"Well, that is your affair, ... but your taste is peculiar, I must say."
I fell back on guard, I attacked him en quarte, and without making a pass with my sword in order to feel my way with my man, I thrust out freely en tierce. He gave a leap backwards, stumbled over a vine-root and fell head over heels.
"Oh! oh!" exclaimed Tallancourt, "have you really killed him at the first blow?"
"No," I replied, "I think not; I had not even passed, I hardly touched him."

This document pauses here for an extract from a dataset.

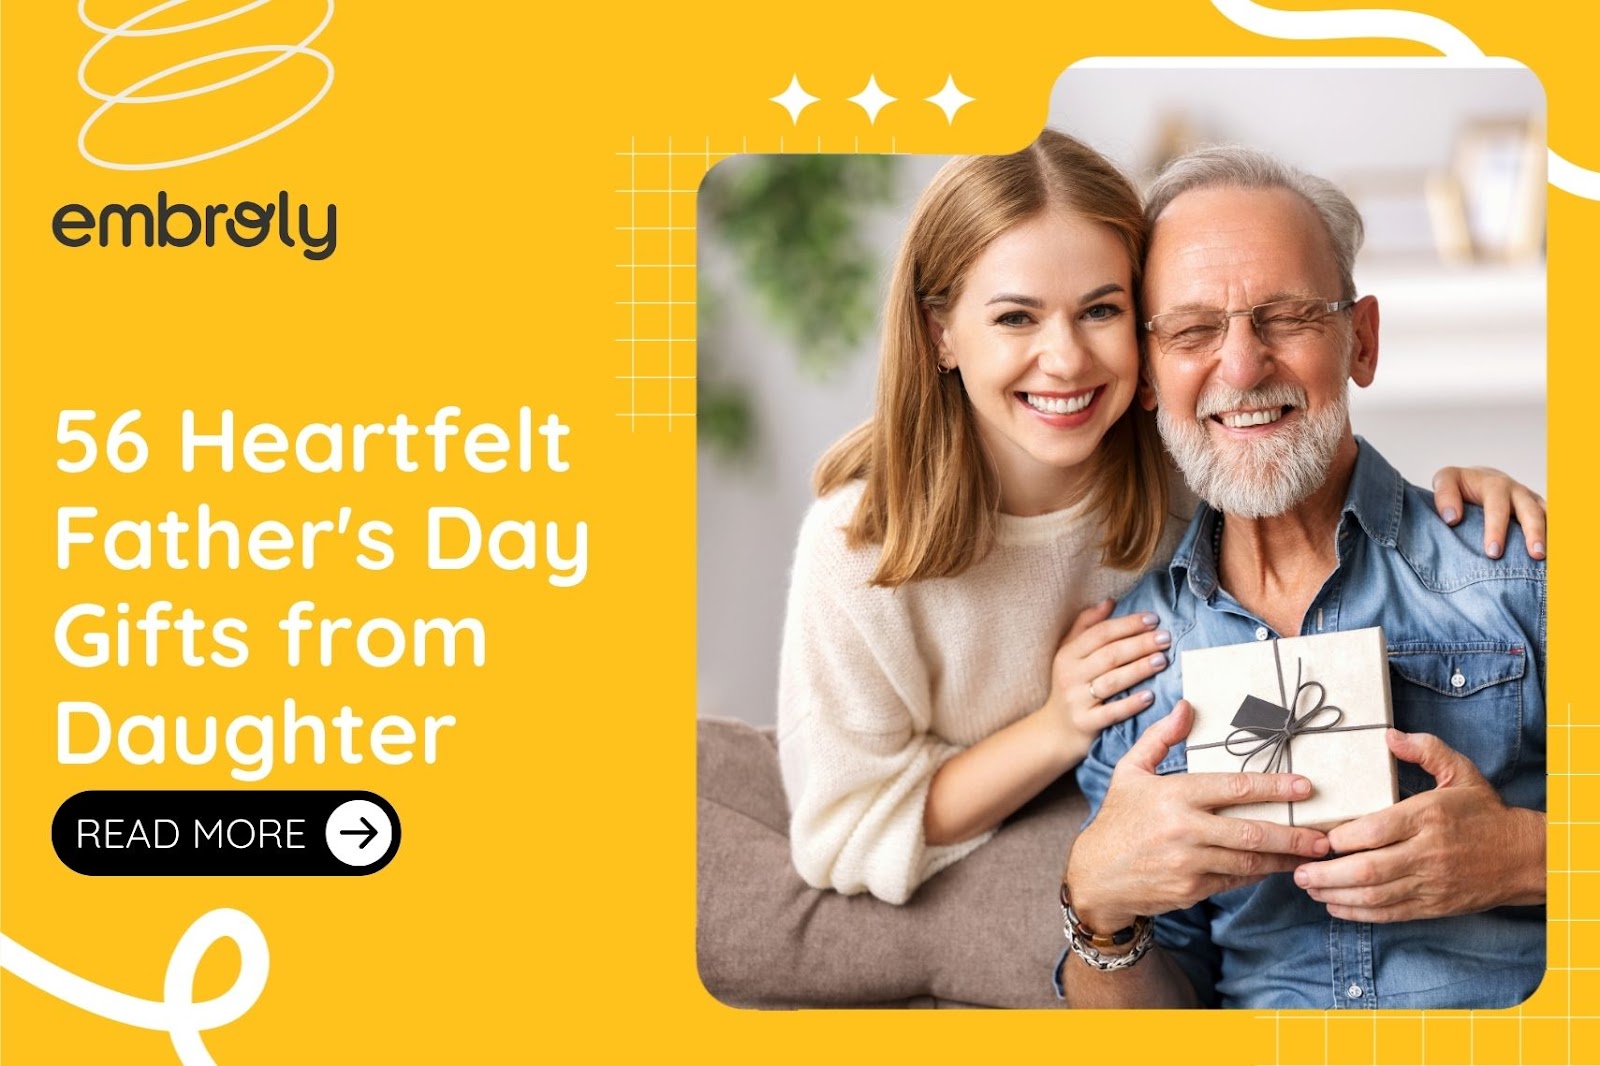 The 56 Heartfelt father's day gifts from daughter He'll Treasure Always

In the meantime, my opponent's seconds had run up to M. B——, who was getting up. The point of my sword had pierced his shoulder, and as its position in the snow had frozen the steel, the sensation it had given my opponent was so startling that, lightly though he was wounded, the shock had overturned him. Luckily I had not passed first, or I should certainly have run him right through. It turned out. that the poor lad had never handled a sword before!
When he made this confession, and in consideration of the wound he had received, it was decided the fight should stop there. I put up my sword in its shield; I donned my shirt, waistcoat and coat; I wrapped myself in my Quiroga, and I descended the ramparts of Montmartre with a much lighter heart than I had ascended them.

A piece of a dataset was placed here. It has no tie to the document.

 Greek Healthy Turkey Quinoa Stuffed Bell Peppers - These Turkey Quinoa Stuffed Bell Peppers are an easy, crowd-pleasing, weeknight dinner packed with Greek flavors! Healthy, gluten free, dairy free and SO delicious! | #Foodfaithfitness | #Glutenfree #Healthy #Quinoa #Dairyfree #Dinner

Such was the cause, such were the sensations, such was the issue of my first duel. What has become of the two men who were my seconds? I have lost sight of Betz: he obtained a post as receveur particulier in the provinces. A vague rumour has since reached me of his death. As for Tallancourt, poor fellow! I saw him die most miserably, unfortunate and unhappy. The Duc d'Orléans took a fancy to him; for he was of the type of tools the prince loved—active but not too clever. Moreover, Tallancourt possessed a further qualification: although he was sufficiently intelligent, he knew when to appear stupid. When the Duc d'Orléans became king, he sent for Tallancourt, for he could not do without him. If his fortune were not exactly made—fortunes are not often made through being associated with kings—his position was, at any rate, secure. As Tallancourt had not left the Duc d'Orléans during 27, 28 and 29 July, he knew a fair number of state secrets concerning the Revolution of 1830. When the king was at Neuilly, he would purposely send Tallancourt to Paris, and the Hercules of a fellow, ill at ease in his arm-chair, seated at his desk, in his office, would walk the distance on foot, in order to breathe the open air and distend his big lungs a bit.

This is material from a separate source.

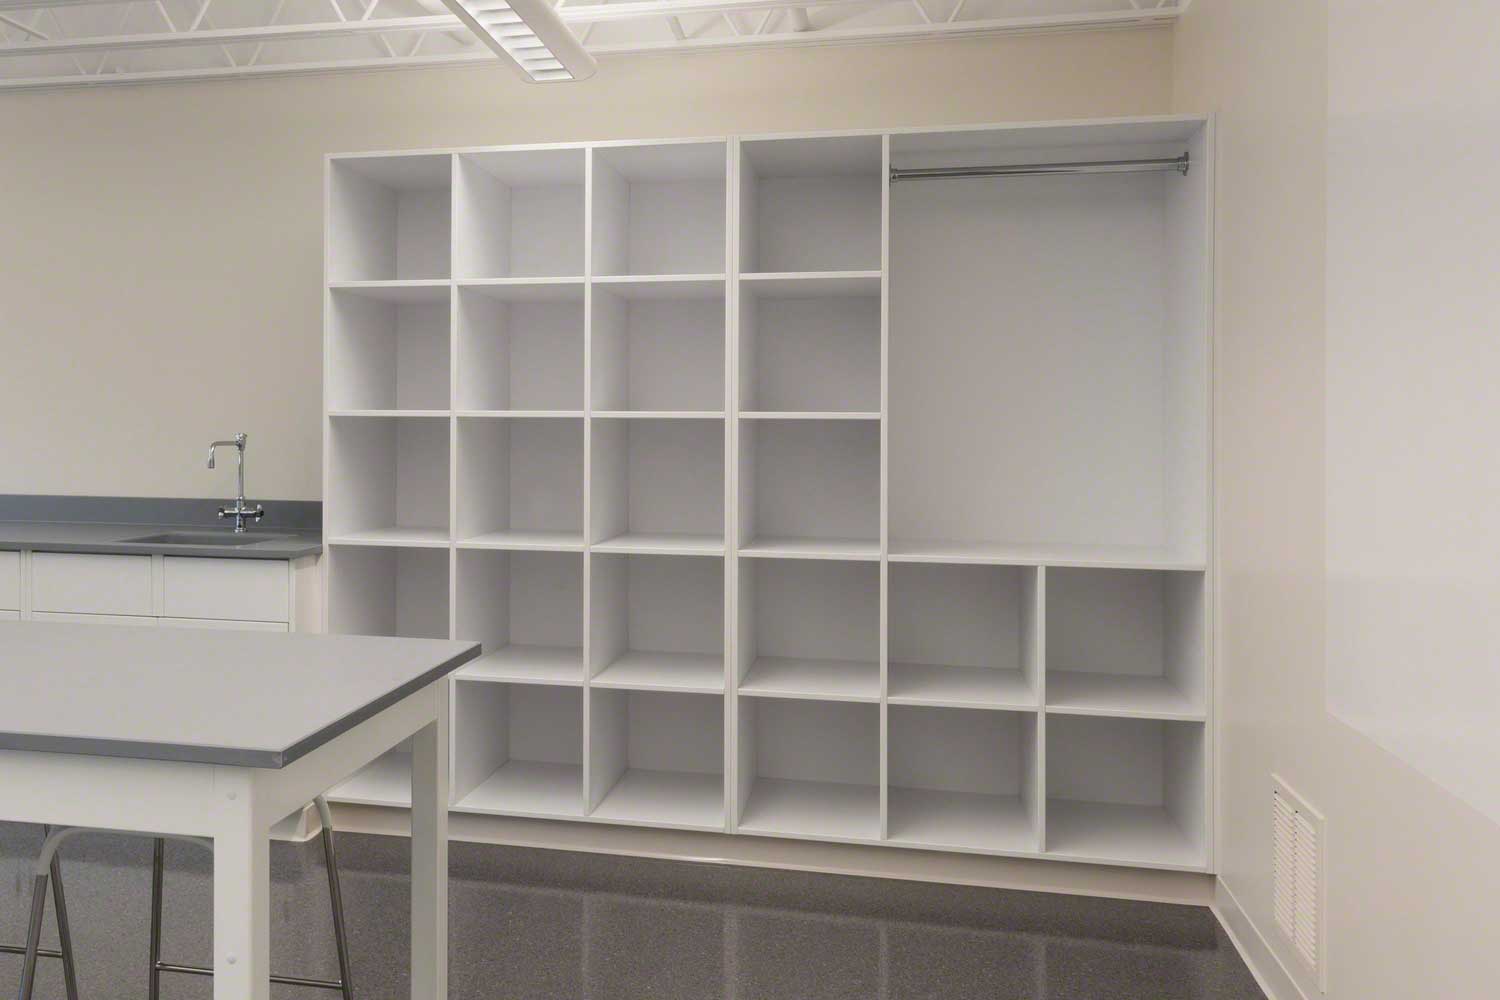 Cubby storage unit Commercial Casework and Cabinets

One day, an enormous savage dog leapt out of the ditch by the side of the high road and sprang at him. Tallancourt instinctively put up his hands to save his face, and, by unheard of good luck, in so doing he seized the beast round its neck. It was useless for the dog to struggle against the powerful grip of two such fists as Tallancourt's, which throttled the dog tighter and tighter, and in about five minutes' time the brute was strangled and the giant had never even received a scratch. But during these five minutes of struggle and mortal danger Tallancourt's brain underwent a terrible strain, and five or six months later, softening of the brain set in. For a year poor Tallancourt grew visibly feebler, both morally and physically; his strength and intellect, his power of motion, and even his voice declined, and he died by inches, after eighteen months of suffering.